Some of them are directly related to the algorithm. For example, ACO is well-suited to routing problems and genetic algorithms generally work well with binary optimization. But it doesn't mean you can't use them to other kind of problems.
The question needs to be much more specific: What's the problem?? What tools do you have at your disposal?
Is it explicit (as in all parts of the model can be spelt out with variables and functions), or is it in some ways implicit (as in the problem having a simulation or similar that needs to be run in order to compute the objective function and/and some constraints)? Do you then also know an estimate of a Lipschitz constant for the objective function?

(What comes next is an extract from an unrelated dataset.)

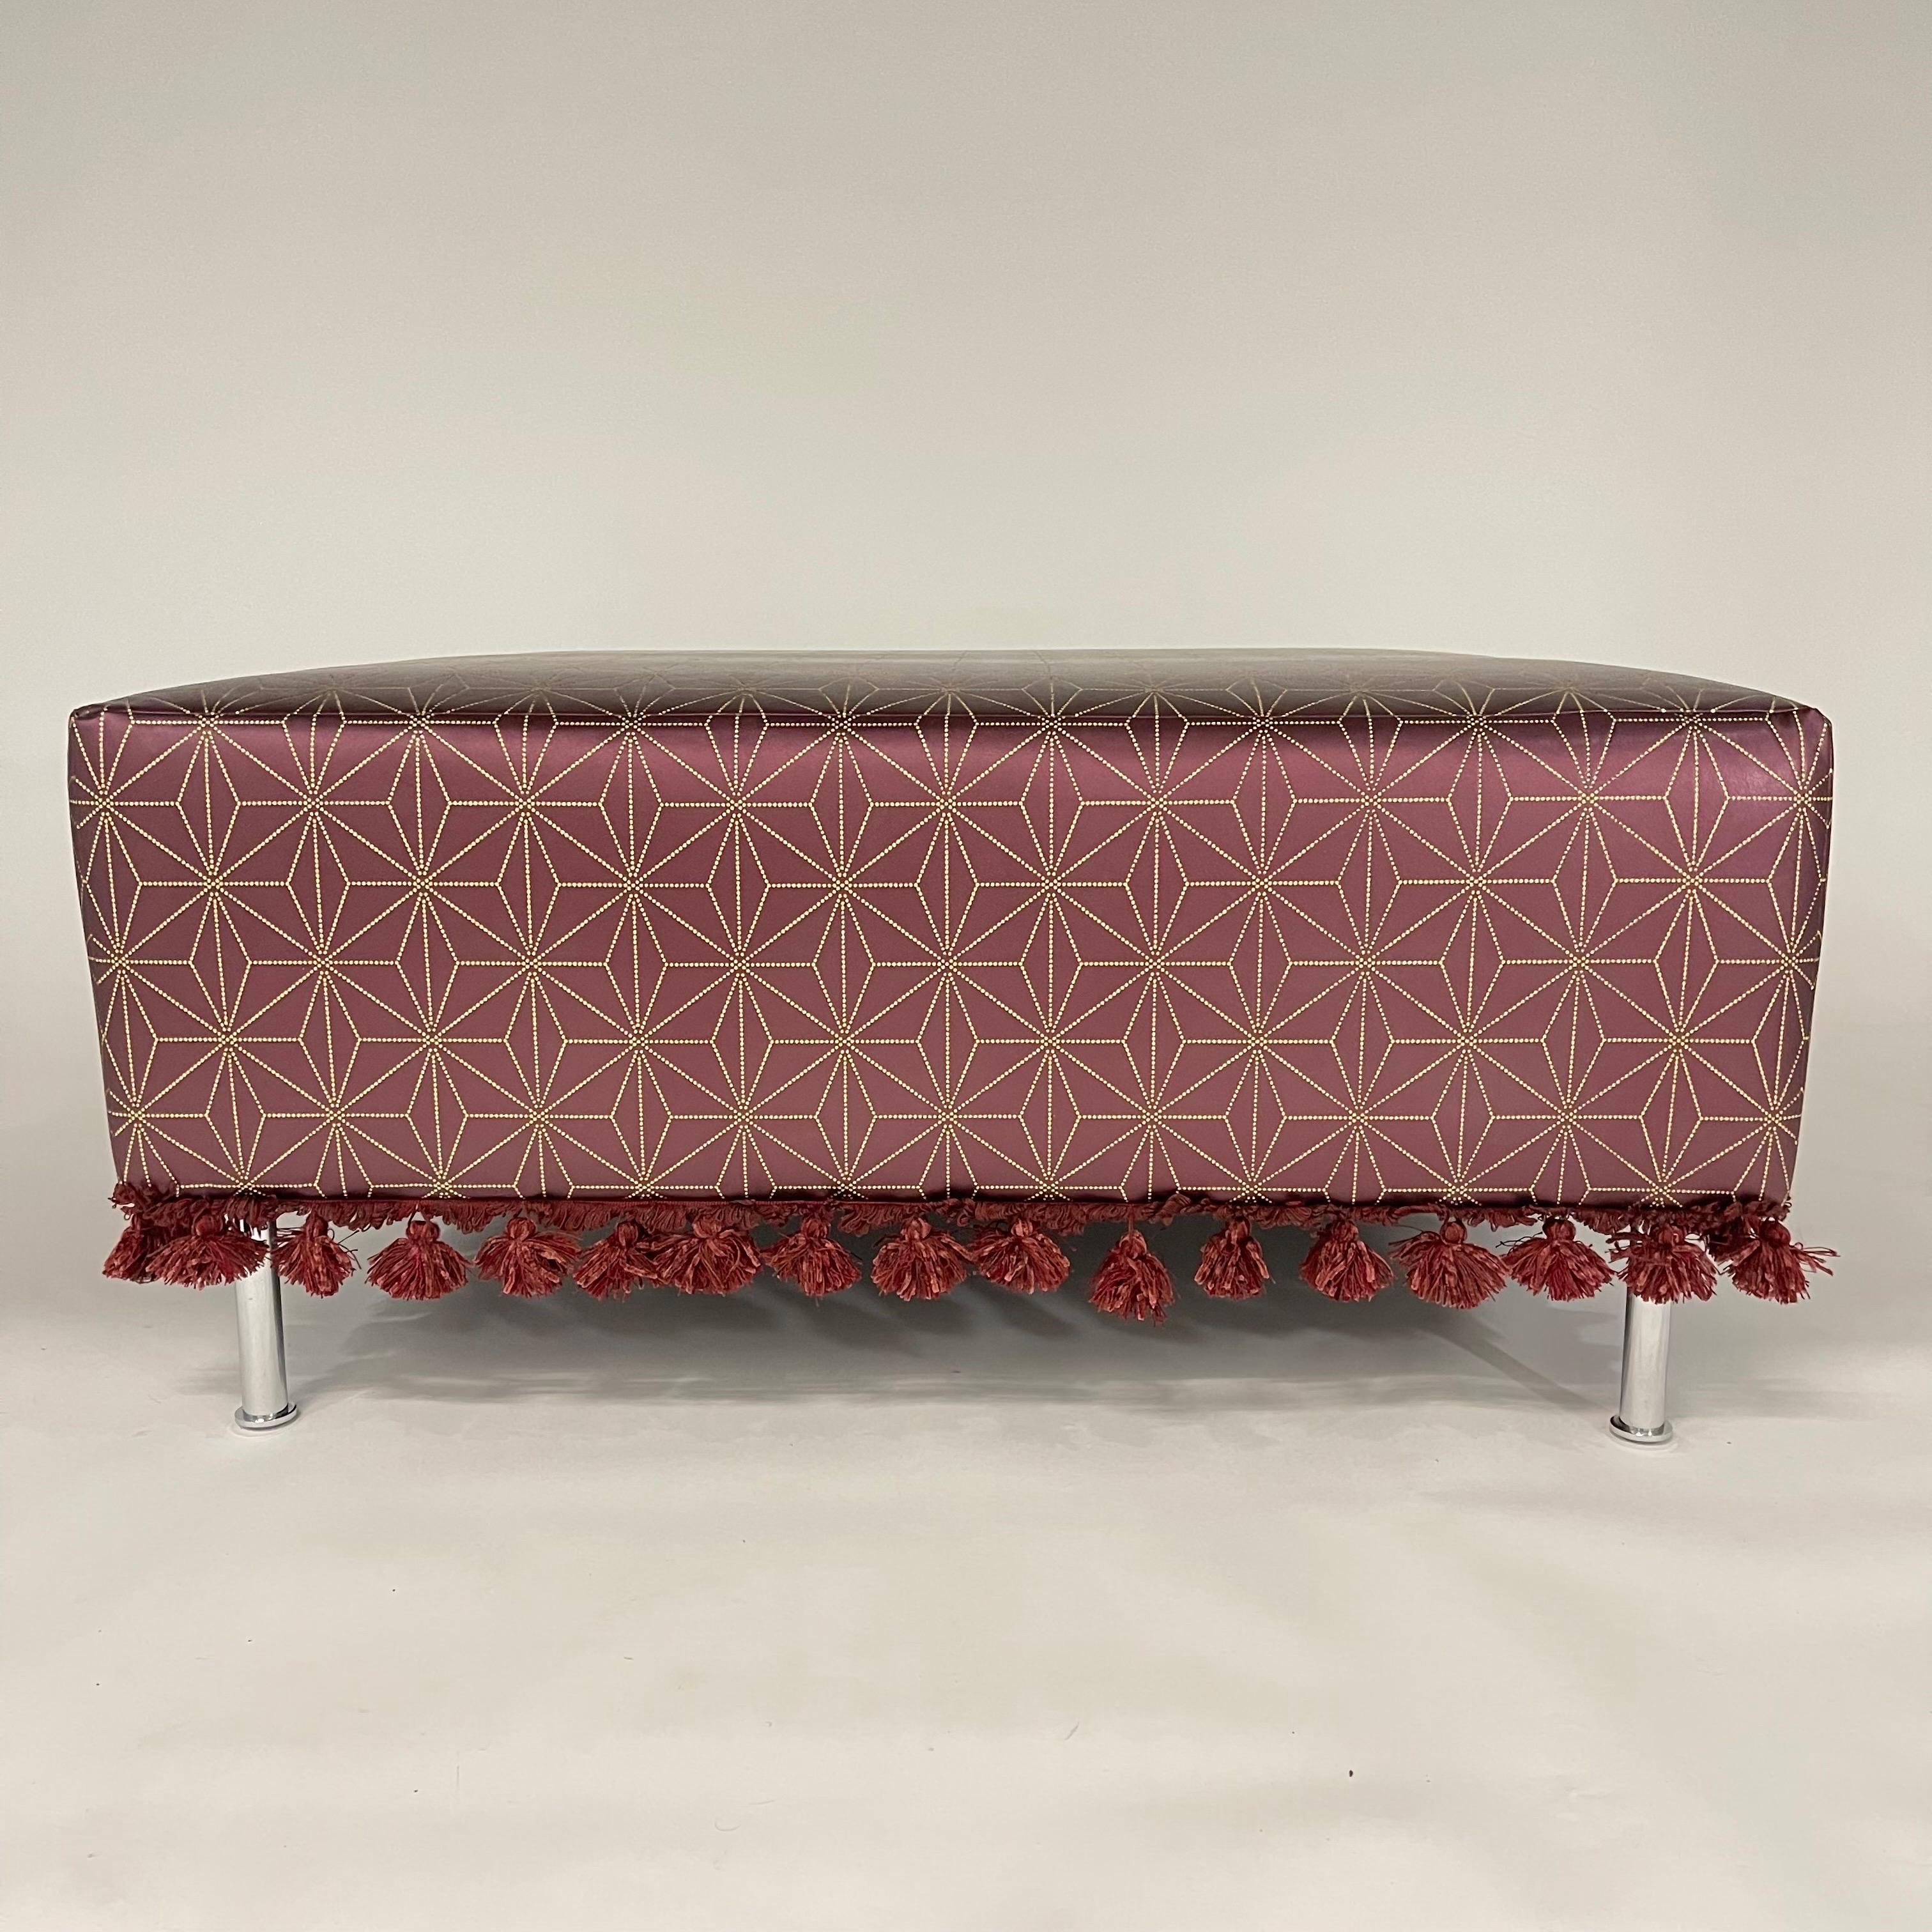 Unique Modern Moroccan Ottoman or Foot Stool, rendered in Burgundy Wine colored leather embossed with a moroccan print in gold with a tassel trim detail around the base of 4 polished stainless steel legs.  USA

Is time essential, or is it ok to came back for the result after a tea break, or even ok to wait until tomorrow?
These are just a few of the necessary questions to ask.
I am a nurse scientist and am now trying to conduct optimization analysis using Maple in order to test my theory (see attached). I am a novice in optimization analysis and need an expert's help. First, could I get some information on the well-structured articles (basic level) from you? Nursing science has barely published optimization-based articles, so it is hard for me to find an exemplary article. Thank you all for your help in advance!
Staff planning is a sub-field with quite a lot of papers published; scheduling, selection of further education; the logistics of a hospital layout; staff planning, as well as the planning of operations - optimally utilizing staff with the right expertize, taking into account the staff members' rights to breaks and holidays, etcetera. It's huge.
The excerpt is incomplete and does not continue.